Written by Kevin Kennedy
Edited by Janeen Koch
Two recent Virginia circuit court opinions have thrown into confusion the pre-trial duties owed by a UIM carrier to a plaintiff. Understanding the facts of these cases and arguments that led to different rulings can help avoid any potential bad faith claims when a carrier is adverse to a policyholder who has brought a UIM claim.
The first case, Chevalier-Seawell v. Mangum, 90 Va. Cir. 420, is a decision from Norfolk Circuit Court that was issued by Judge Mary Jane Hall in April of 2015. In this case, defendant admitted liability for the collision; the plaintiff was claiming a traumatic brain injury; defendant’s insurance carrier had offered its full coverage of $100,000 (the stipulated special damages exceeded $63,000) and Allstate (the UIM carrier) had made absolutely no offer to settle the case at the time the bad faith motion was filed. Eventually, Allstate did make a settlement offer five days before trial, after Plaintiff had incurred additional expenses for trial. That initial offer was $50,000, increased to $55,000, and finally increased again the day before trial to $75,000. At trial, the jury returned a verdict to the plaintiff for $800,000.00.

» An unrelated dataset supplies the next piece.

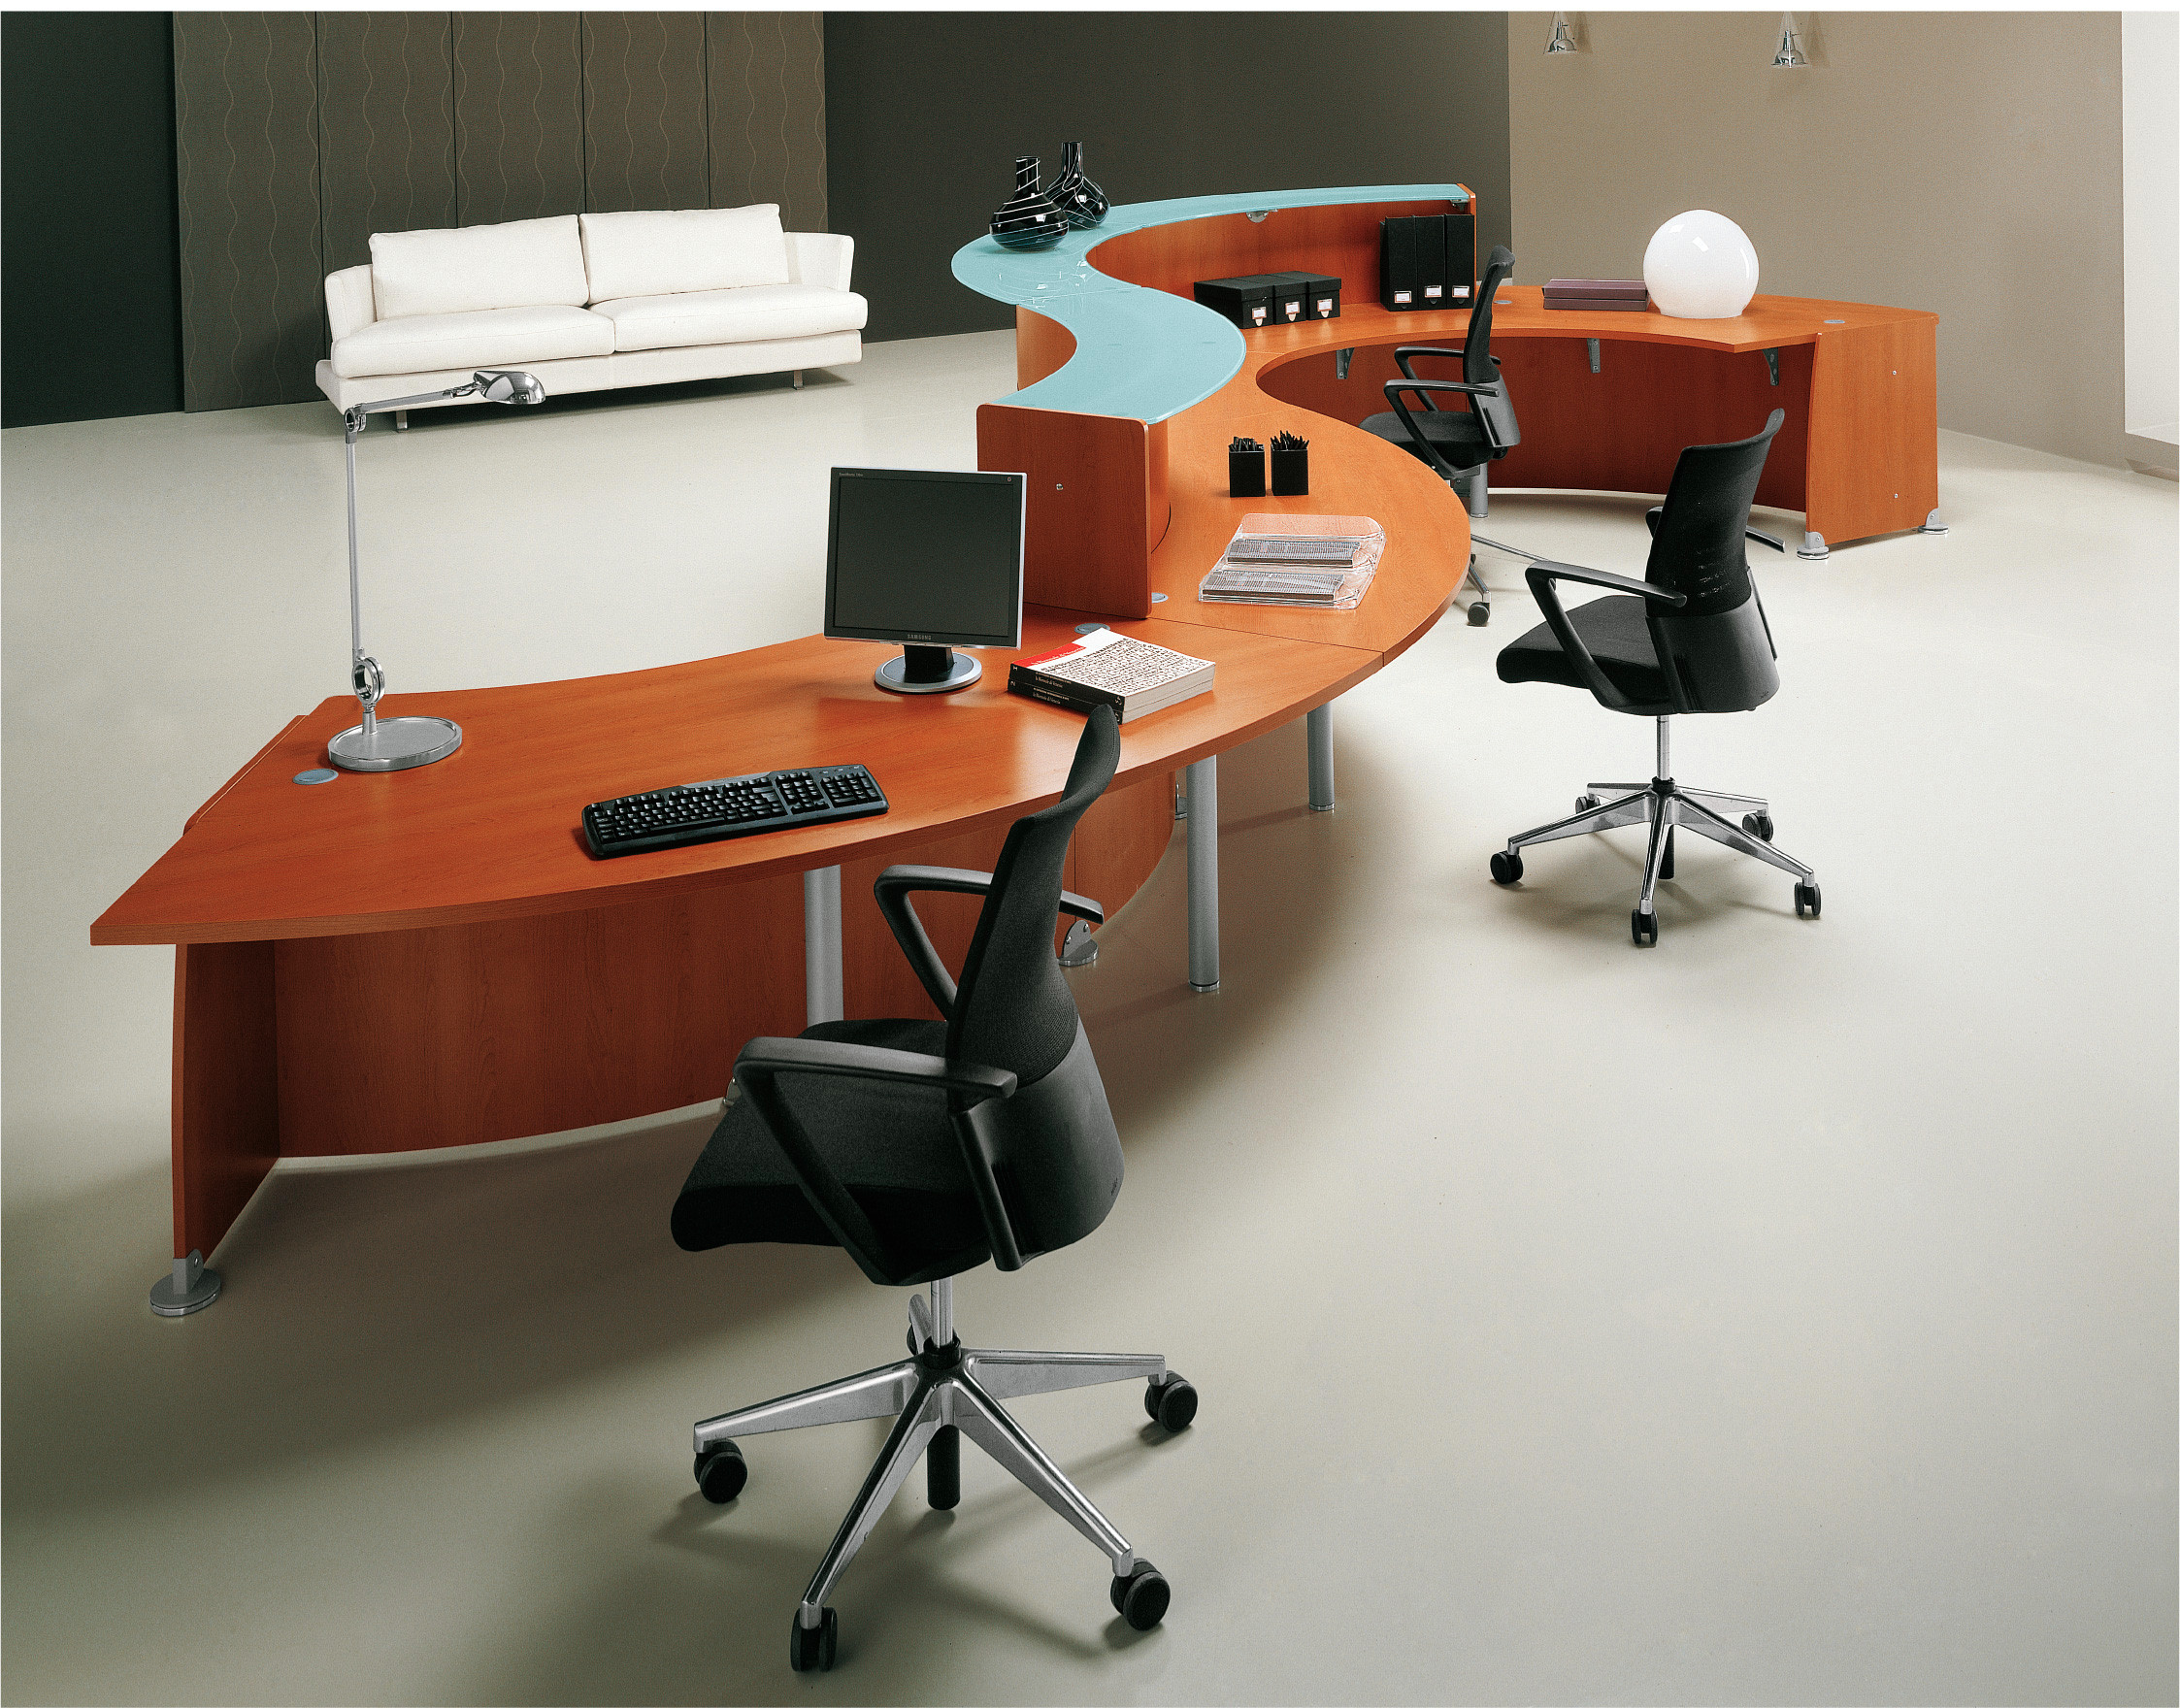 Reception-mid-level-IMAGE 7

Counsel for Allstate argued that it did not owe any pre-judgment duties to the plaintiff. Pursuant to Va. Code § 38.2-2206, its sole duty is to “pay the insured all sums that he is legally entitled to recover as damages from the owner or operator of an uninsured motor vehicle, within limits not less than the [legal requirement].” However, the court found that a UIM carrier is still subject to penalties for bad faith under Va. Code § 8.01-66.1. That section provides that when an insurer:
refuses or fails to pay to its insured a claim of more than $ 3,500 in excess of the deductible… under the provisions of a policy of motor vehicle insurance issued by such company to the insured and it is subsequently found by the judge of a court of proper jurisdiction that such denial… was not made in good faith, the company shall be liable to the insured[.]
Judge Hall ruled that this code section gave no indication that the legislature intended to exclude under-insurers from the duty of acting in good faith when evaluating and denying a claim. From the record of the case, it appears that Allstate reached a settlement with plaintiff’s counsel before filing an appeal or having the issue ultimately decided by the Virginia Supreme Court.
A more recent circuit court case from Spotsylvania County considered a similar bad faith claim against a UIM carrier but reached the opposite result. In the case of Conner v. Glasgow, 2015 Va. Cir. LEXIS 230, (Va. Cir. Ct. Nov. 5, 2015) the defendant’s liability policy had limits of $25,000 and the plaintiff’s insurer, Liberty Mutual, had available under-insured funds of approximately $23,000. The plaintiff presented special damages of approximately $17,000 with contested damages involving a syndrome known as TMJ for additional amounts. Prior to trial the liability insurer offered their policy limits. Liberty Mutual’s highest offer, several days before trial, was $5,000. At trial the jury returned a verdict in favor the plaintiff in the amount of $200,000. Plaintiff moved for a finding of bad faith against Liberty Mutual.
Judge Deneke found that the Virginia Supreme Court has recognized significant differences in the duties of a liability carrier and a UM/UIM carrier. Specifically, “the obligation of the uninsured motorist insurer arises only if it is determined that the insured is legally entitled to recover damages from the owner or operator of an uninsured or underinsured motor vehicle.” In other words, the duties of a UIM carrier are not triggered until after the judgment is entered. Because there can be no determination of the plaintiff’s right to recover damages from an underinsured motorist before trial, Judge Deneke found that, by extension, there can be no duty of good faith on a UIM carrier pre-judgment. The plaintiff has promised to appeal the decision, but as of today, there has been no ruling from the Virginia Supreme Court on this issue.
While the more recent decision finding no pre-trial duty of good faith exists for a UIM carrier appears to be the better reasoned decision, it is unclear how the Virginia Supreme Court may rule on the issue. What is certain is that plaintiff’s attorneys have and will continue to threaten bad faith motions against UIM carriers in an attempt to gain leverage in pre-trial settlement discussions. A plaintiff’s bad faith motion is certainly strengthened when liability is clearly adverse or has been stipulated by the defendant and a tender of the liability policy limits is made significantly in advance of trial. In those instances, UIM carriers should work with their defense counsel to make sure they take all necessary steps to protect themselves from a potential bad faith claim in case the court allows such a claim to proceed. In evaluating whether an insurance carrier has acted in good faith, the Virginia Supreme Court has held that “a reasonably diligent effort must be made to ascertain the facts upon which a good faith judgment as to settlement can be formulated . . . A decision not to settle must be an honest one. It must result from a weighing of probabilities in a fair manner. To be a good faith decision, it must be an honest and intelligent one in the light of the company’s expertise in the field. Where reasonable and probable cause appears for rejecting a settlement offer and for defending the damage action, the good faith of the insurer will be vindicated.”